In the decades after the 1960s, artists did much to tackle stereotypes, but women more than men. No doubt they had to do more. Whose identity and power was more at risk? While men were loosening up abstraction on a larger and larger scale, Lynda Benglis was letting it ooze onto the floor. While Richard Prince was glorying in his own satire of the Marlboro man, Laurie Simmons in her East Village art days could barely stand a camera on a doll's legs. In a way, Mika Rottenberg turns Sherman's subversion of film stills and fashion into a more dangerous high style.
Rottenberg makes an unlikely candidate for a fashionista. So do her heroines. In her last show, as also in the 2008 Whitney Biennial, they looked closer to sumo wrestlers, collective farmers, and torturers. In the sweaty confines of cramped, connected spaces, they progressively molded something soft, like an assembly line for rancid cheese. The Guggenheim included her video in "The Shape of Spaces," but she had squeezed the space out of its shape. Shifting her focus from New York to a factory in China, she has kept squeezing.
Now fashion has come to her. W Magazine, hardly a stranger to irony or access, has sponsored seven large photographs. They look all but incomprehensible apart from her video. Why is that bodybuilder crouching? Why are all those limbs sticking out through holes in the wall, and how do so many tiny chambers fit together? And speaking of fashion, what is that young black woman fashioning? Would she be glad you asked?

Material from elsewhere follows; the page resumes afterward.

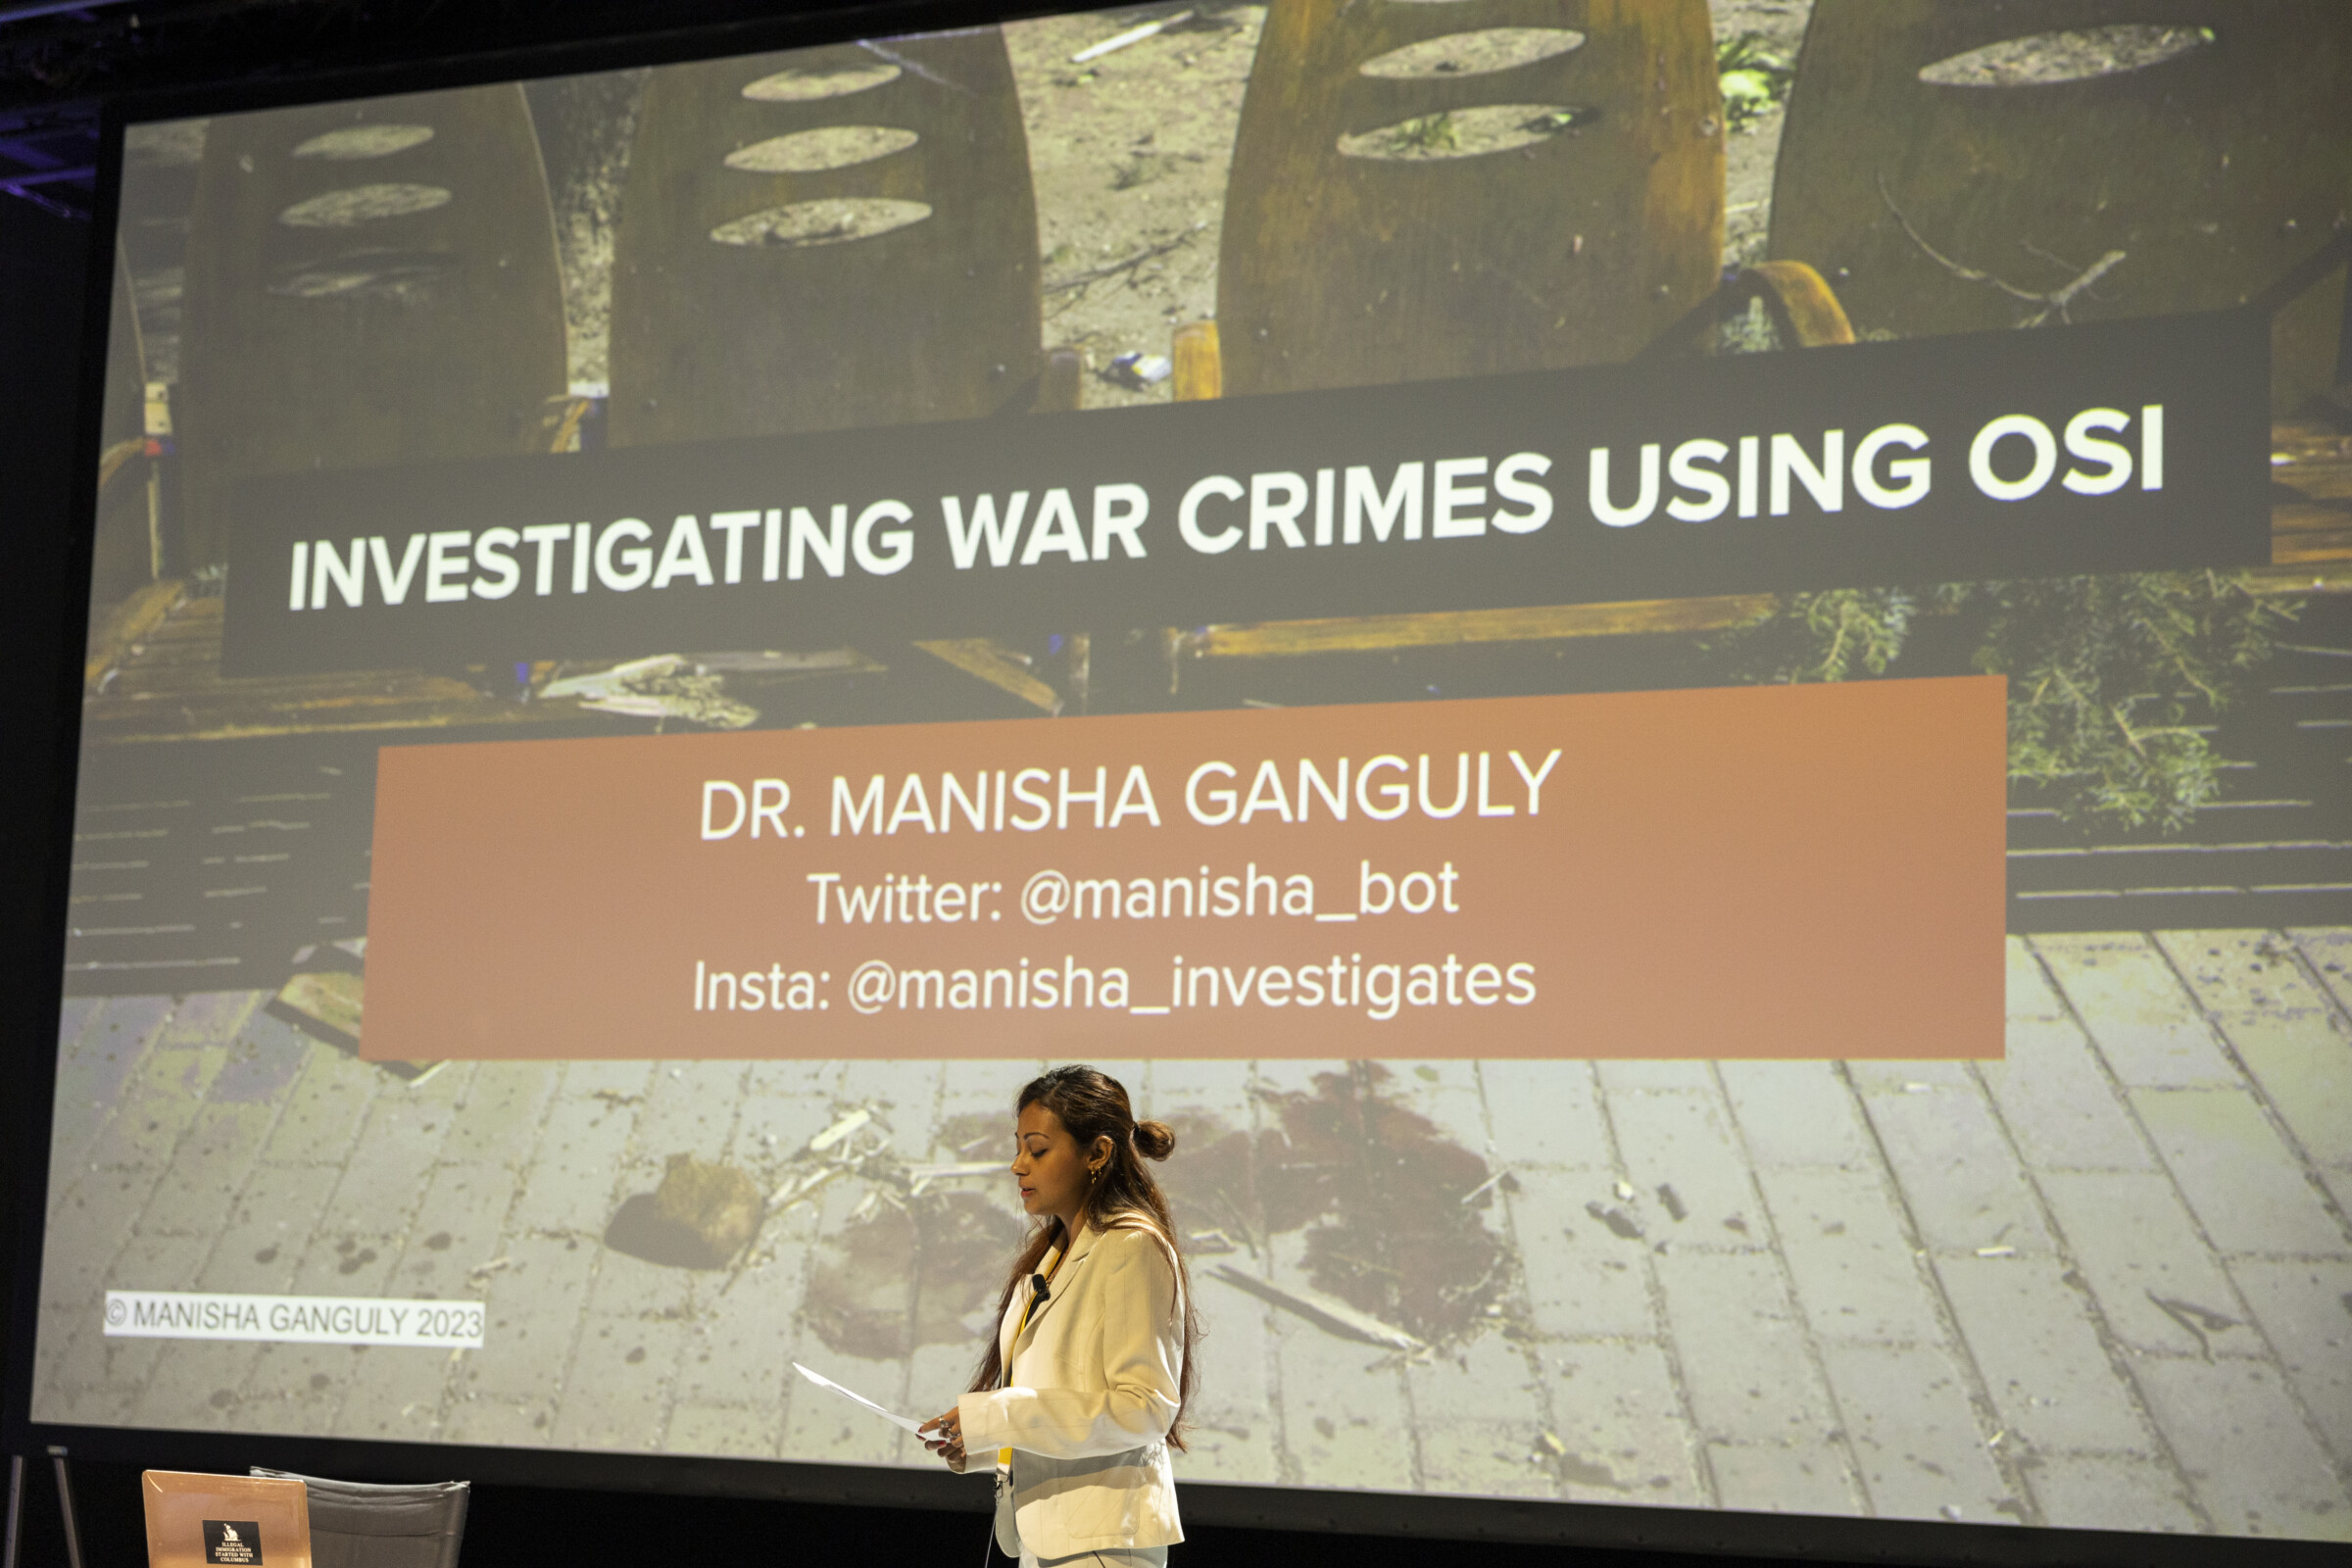 Σε αυτή την φωτογραφία φαίνεται η Μανίσα Γκανγκούλι κατά τη διάρκεια της παρουσίασης του workshop της με τίτλο "Ερευνώντας εγκλήματα πολέμου με τη χρήση OSINT", στο πλαίσιο του Διεθνούς Φόρουμ Δημοσιογραφίας του iMEdD. Στο πίσω μέρος φαίνεται μια διαφάνεια με τον τίτλο του workshop και το όνομα με τα στοιχεία επικοινωνίας της Μανίσα Γκανγκόυλι.

Not just the images overlap, but also their themes. Gender, femininity, body image, capitalism, and the space of life itself—all return, and all return as product, as artifice, and as constraining. When nature visits this dystopia, in rows of potted plants, it appears as culture. As for Rottenberg's past images, they appear almost incidentally, more as quotation than as excerpt. One woman deposits a soft, white blob onto an open palm, and more of the substance forms a thread across one frame or green, abstract texturing across another. They, too, though, appear as a contrivance or maybe even a work of art.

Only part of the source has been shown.